(Exercise inputs begins)

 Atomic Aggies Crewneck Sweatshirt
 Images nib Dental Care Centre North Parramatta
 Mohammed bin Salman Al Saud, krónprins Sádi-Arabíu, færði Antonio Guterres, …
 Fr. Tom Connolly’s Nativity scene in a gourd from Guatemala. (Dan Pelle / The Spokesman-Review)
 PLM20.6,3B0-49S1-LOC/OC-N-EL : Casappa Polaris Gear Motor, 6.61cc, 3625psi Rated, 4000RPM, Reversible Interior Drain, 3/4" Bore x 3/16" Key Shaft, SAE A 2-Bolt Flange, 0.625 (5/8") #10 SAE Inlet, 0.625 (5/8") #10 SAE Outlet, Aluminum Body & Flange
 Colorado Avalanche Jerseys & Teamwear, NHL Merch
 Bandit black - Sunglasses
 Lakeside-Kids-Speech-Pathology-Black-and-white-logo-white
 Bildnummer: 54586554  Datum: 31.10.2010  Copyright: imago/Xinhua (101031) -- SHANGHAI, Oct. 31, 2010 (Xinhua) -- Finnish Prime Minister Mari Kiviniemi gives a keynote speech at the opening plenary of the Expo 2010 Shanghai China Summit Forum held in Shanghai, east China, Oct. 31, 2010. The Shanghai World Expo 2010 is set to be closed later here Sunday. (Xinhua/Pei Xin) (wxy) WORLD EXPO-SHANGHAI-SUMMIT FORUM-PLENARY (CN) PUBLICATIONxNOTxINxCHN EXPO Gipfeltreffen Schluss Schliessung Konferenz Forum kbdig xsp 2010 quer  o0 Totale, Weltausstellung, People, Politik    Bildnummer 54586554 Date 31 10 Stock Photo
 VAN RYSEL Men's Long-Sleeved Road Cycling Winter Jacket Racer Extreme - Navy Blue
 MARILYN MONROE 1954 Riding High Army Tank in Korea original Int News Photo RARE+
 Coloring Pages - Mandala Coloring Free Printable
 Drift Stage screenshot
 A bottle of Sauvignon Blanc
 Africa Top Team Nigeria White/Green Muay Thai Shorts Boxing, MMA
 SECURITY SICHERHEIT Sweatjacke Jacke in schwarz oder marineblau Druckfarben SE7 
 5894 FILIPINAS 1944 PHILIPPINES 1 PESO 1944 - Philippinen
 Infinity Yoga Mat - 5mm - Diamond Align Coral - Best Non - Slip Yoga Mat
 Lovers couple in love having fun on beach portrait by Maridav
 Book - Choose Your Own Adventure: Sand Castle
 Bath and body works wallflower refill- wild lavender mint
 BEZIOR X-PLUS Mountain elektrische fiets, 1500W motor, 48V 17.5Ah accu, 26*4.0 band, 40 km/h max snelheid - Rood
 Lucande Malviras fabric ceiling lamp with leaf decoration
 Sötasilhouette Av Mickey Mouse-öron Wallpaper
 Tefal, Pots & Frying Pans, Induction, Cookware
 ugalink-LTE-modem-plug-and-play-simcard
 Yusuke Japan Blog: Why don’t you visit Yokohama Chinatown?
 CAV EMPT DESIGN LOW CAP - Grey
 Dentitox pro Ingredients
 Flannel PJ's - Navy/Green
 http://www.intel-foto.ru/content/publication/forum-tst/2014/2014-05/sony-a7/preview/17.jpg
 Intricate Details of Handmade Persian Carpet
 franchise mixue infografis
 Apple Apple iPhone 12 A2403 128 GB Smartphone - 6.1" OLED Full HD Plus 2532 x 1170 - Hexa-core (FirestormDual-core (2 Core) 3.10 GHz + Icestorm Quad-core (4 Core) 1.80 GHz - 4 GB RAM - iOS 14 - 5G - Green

(Exercise inputs ends)

→ Your objective:
Transcribe, word for word, the data above from its first line through the line with "Lakeside-Kids-Speech-Pathology-Black-and-white-logo-white", and include nothing else.

→ Task answer:
 Atomic Aggies Crewneck Sweatshirt
 Images nib Dental Care Centre North Parramatta
 Mohammed bin Salman Al Saud, krónprins Sádi-Arabíu, færði Antonio Guterres, …
 Fr. Tom Connolly’s Nativity scene in a gourd from Guatemala. (Dan Pelle / The Spokesman-Review)
 PLM20.6,3B0-49S1-LOC/OC-N-EL : Casappa Polaris Gear Motor, 6.61cc, 3625psi Rated, 4000RPM, Reversible Interior Drain, 3/4" Bore x 3/16" Key Shaft, SAE A 2-Bolt Flange, 0.625 (5/8") #10 SAE Inlet, 0.625 (5/8") #10 SAE Outlet, Aluminum Body & Flange
 Colorado Avalanche Jerseys & Teamwear, NHL Merch
 Bandit black - Sunglasses
 Lakeside-Kids-Speech-Pathology-Black-and-white-logo-white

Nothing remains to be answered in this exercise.